Stage 3 is wired to two enforcement points:

Pre-push hook (CAB-2048) — runs on every git push. Blocks push if verdict is REWORK or error. Can be disabled locally via DISABLE_COUNCIL_GATE=1 for emergencies.
CI workflow (council-gate.yml, CAB-2049) — runs on every PR. Status check, required for merge. Feature-flagged on vars.COUNCIL_S3_ENABLED for phased rollout (shadow mode first — CAB-2051).

Hard guardrails (applied before any API call)

All three stages share five guardrails enforced by the CLI:

COUNCIL_DISABLE=1 kill-switch — fast-path exit 0, no review. Redundant with CI feature flag and pre-push DISABLE_COUNCIL_GATE, but covers manual invocation.
Daily cost cap — COUNCIL_DAILY_CAP_EUR (default €5). Before each run, the CLI reads council-history.jsonl, sums today's cost_eur, and exits 0 (not 2) if the total is at cap. The intent is "skip review today", not "fail the PR".
SHA dedup — SHA1 of the full diff. Identical diffs in the same day (CI retries, cherry-picks, empty pushes) skip the review. Bypass: COUNCIL_FORCE_DEDUP=0.
Gitleaks pre-flight (BLOCKING) — the diff is scanned by gitleaks with --exit-code 1 before any API call. Any leak → exit 2, no API traffic. This is the cheapest possible guard against exfiltrating secrets to Anthropic.
Diff truncation — 10 000-line hard cap on the diff sent to the model. Truncation is logged and recorded in the JSONL entry (diff_truncated: true).

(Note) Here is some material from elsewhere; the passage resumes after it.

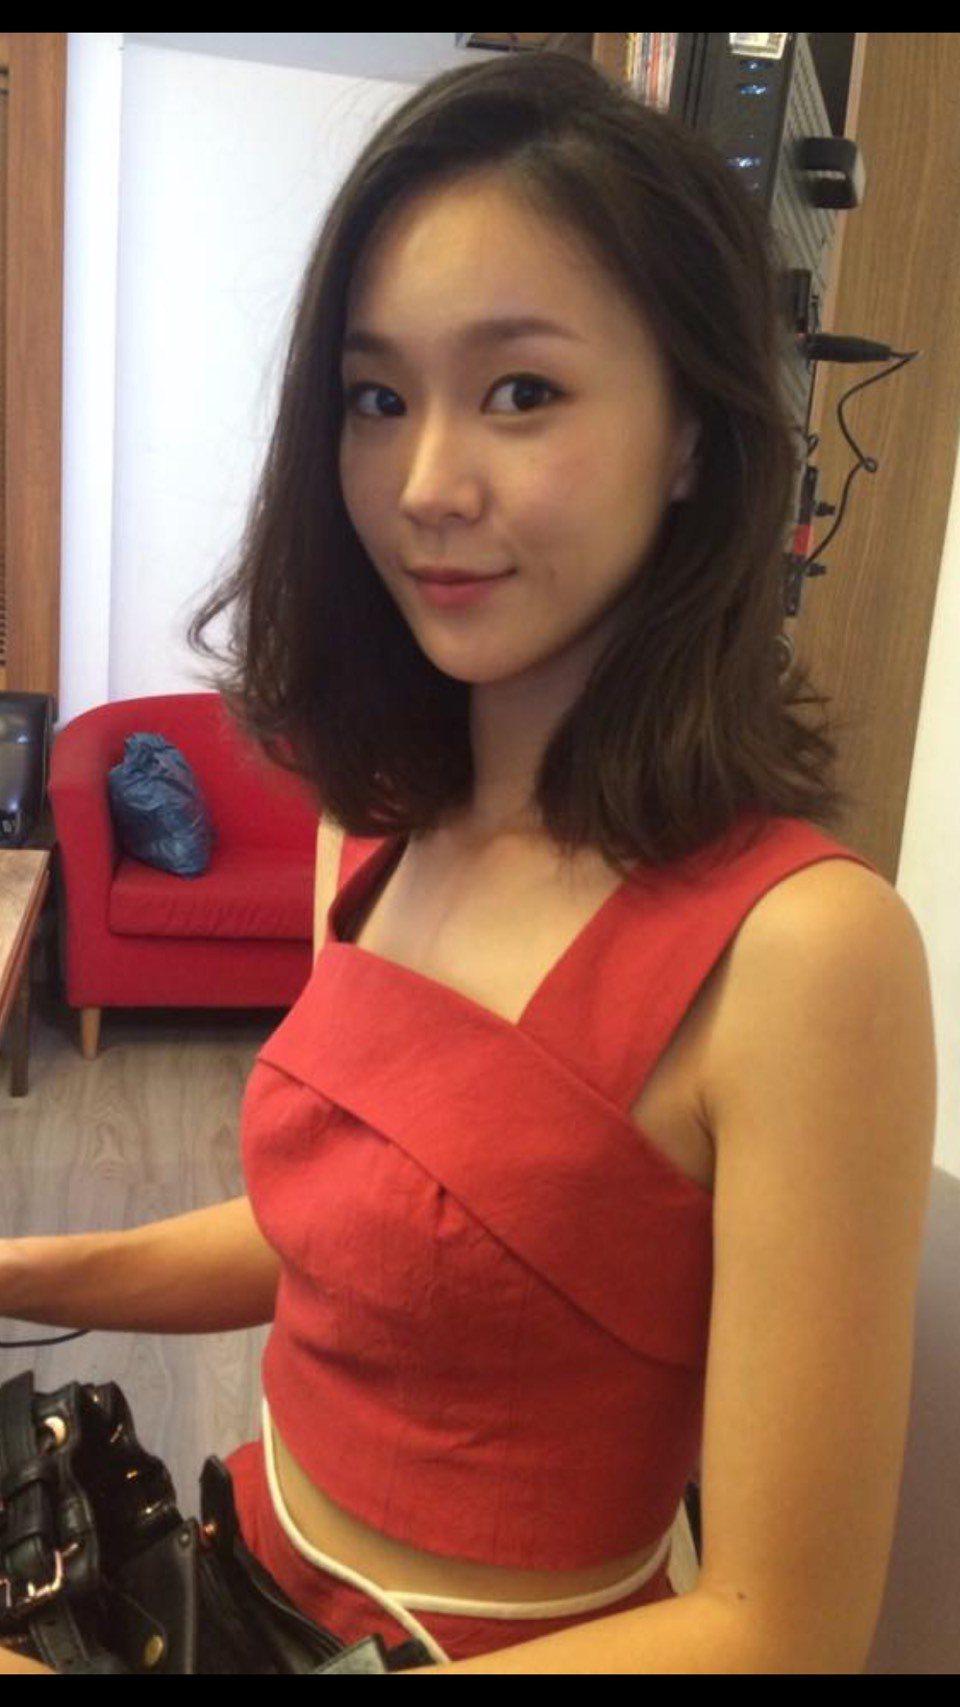 鍾瑤外表清新、氣質出眾。圖/摘自鍾瑤臉書

Every run, whether APPROVED/REWORK/error/BYPASSED, appends one JSONL entry to council-history.jsonl:

{
  "timestamp": "2026-04-11T17:39:01Z",
  "ticket": "CAB-2047",
  "status": "APPROVED",
  "global_score": 8.50,
  "axes_evaluated": 4,
  "db_fresh": true,
  "model": "claude-sonnet-4-5",
  "tokens": 3200,
  "input_tokens": 2800,
  "output_tokens": 400,
  "cost_eur": 0.014,
  "diff_lines": 142,
  "diff_truncated": false,
  "duration_ms": 18500,
  "diff_sha": "ab2a795c7ca0924f21cac2d606fde5666de17bb1"
}

This file is the authoritative cost ledger for the daily cap, the dedup cache, and the audit trail for security/compliance. It is gitignored (machine-local) and rotated at 500 lines by CAB-2050.

Language choice: bash, not Python (Adj #12)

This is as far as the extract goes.